The U.S. economy probably will emerge from the recession by September, Nobel Prize-winning economist Paul Krugman said. “I would not be surprised if the official end of the U.S. recession ends up being, in retrospect, dated sometime this summer,” he said in a lecture today at the London School of Economics. “Things seem to be getting worse more slowly.
There’s some reason to think that we’re stabilizing.”
U.S. stocks erased an earlier decline after Krugman made his comments. The Standard & Poor’s 500 Stock Index was little changed at 939.14 at 4:07 p.m. in New York after slumping as much as 1.5 percent earlier, and the Dow Jones Industrial Average gained 1.36 points to 8,764.49.
Krugman, Princeton University economist, has warned recently that the U.S government hasn’t done enough to help the country’s economy recover.
Last month, at a conference in Abu Dhabi, he said the fiscal stimulus is “only enough to mitigate the slump, not induce recovery.”
The National Bureau of Economic Research, based in Cambridge, Massachusetts, is the official arbiter of U.S. recessions and expansions. Last week, Robert Hall, the head of the NBER’s business-cycle-dating committee, said it’s “way too early” to say the contraction is over.
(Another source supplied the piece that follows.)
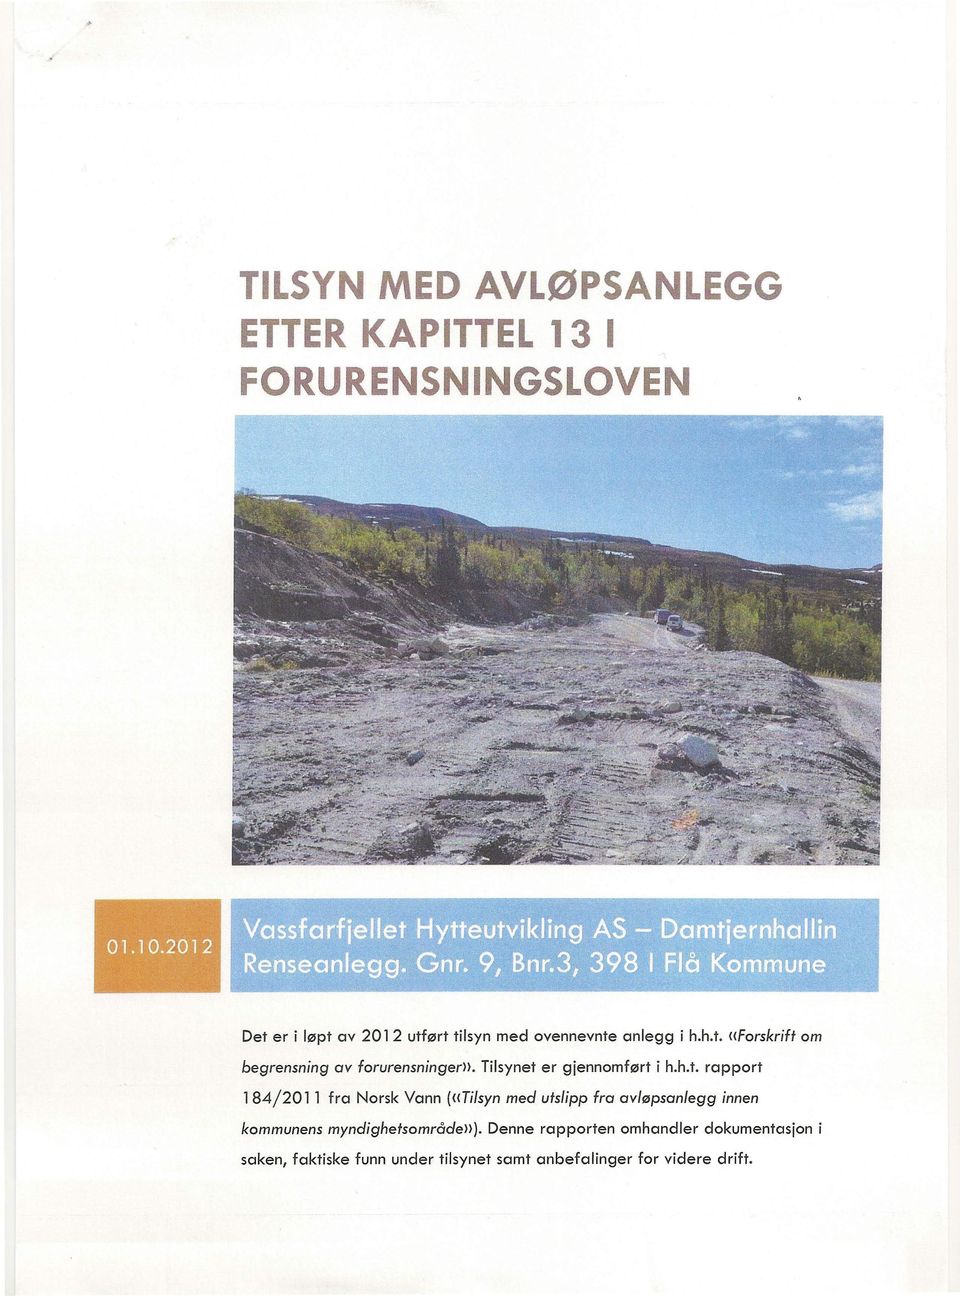 184/2011 Tilsynet er gjennomført i h.h.t. rapport fra Norsk Vann ((Tilsyn med utslipp fra avløpsanlegg kommunens myndighetsområde»).

The U.S. has been in a recession since December 2007, and the NBER may take months to decide when a trough has been reached. Recent reports have shown an easing of declines in industrial production and other measures that the group reviews when determining whether the economy is in a recession.
Unemployment to Rise
Even with a recovery, “almost surely unemployment will keep rising for a long time and there’s a lot of reason to think that the world economy is going to stay depressed for an extended period,” Krugman said.
The unemployment rate jumped to 9.4 percent in May, the highest since 1983, partly reflecting more people joining the labor force to look for work.
The U.S. Federal Reserve’s efforts to stabilize markets --measures that have swelled the central bank’s balance sheet --have helped, Krugman said. “A lot of the spreads in the markets have come down” and “the acute financial stuff seems to have come to a halt,” he said.
Fed officials lowered the benchmark interest rate to a target range of zero to 0.25 percent in December and have switched to using credit programs and outright purchases of Treasuries, mortgage-backed securities and housing agency debt as the main tools of monetary policy.
$2.31 Trillion
The balance sheet’s size peaked at $2.31 trillion in December. It has fluctuated around $2.1 trillion over the past two months.
The Fed’s swollen balance sheet is “a little alarming. In the long run you really don’t want the central banks to be so involved in the business of lending,” Krugman said. “But it’s arguably necessary” even if there are questions about “where does it stop?”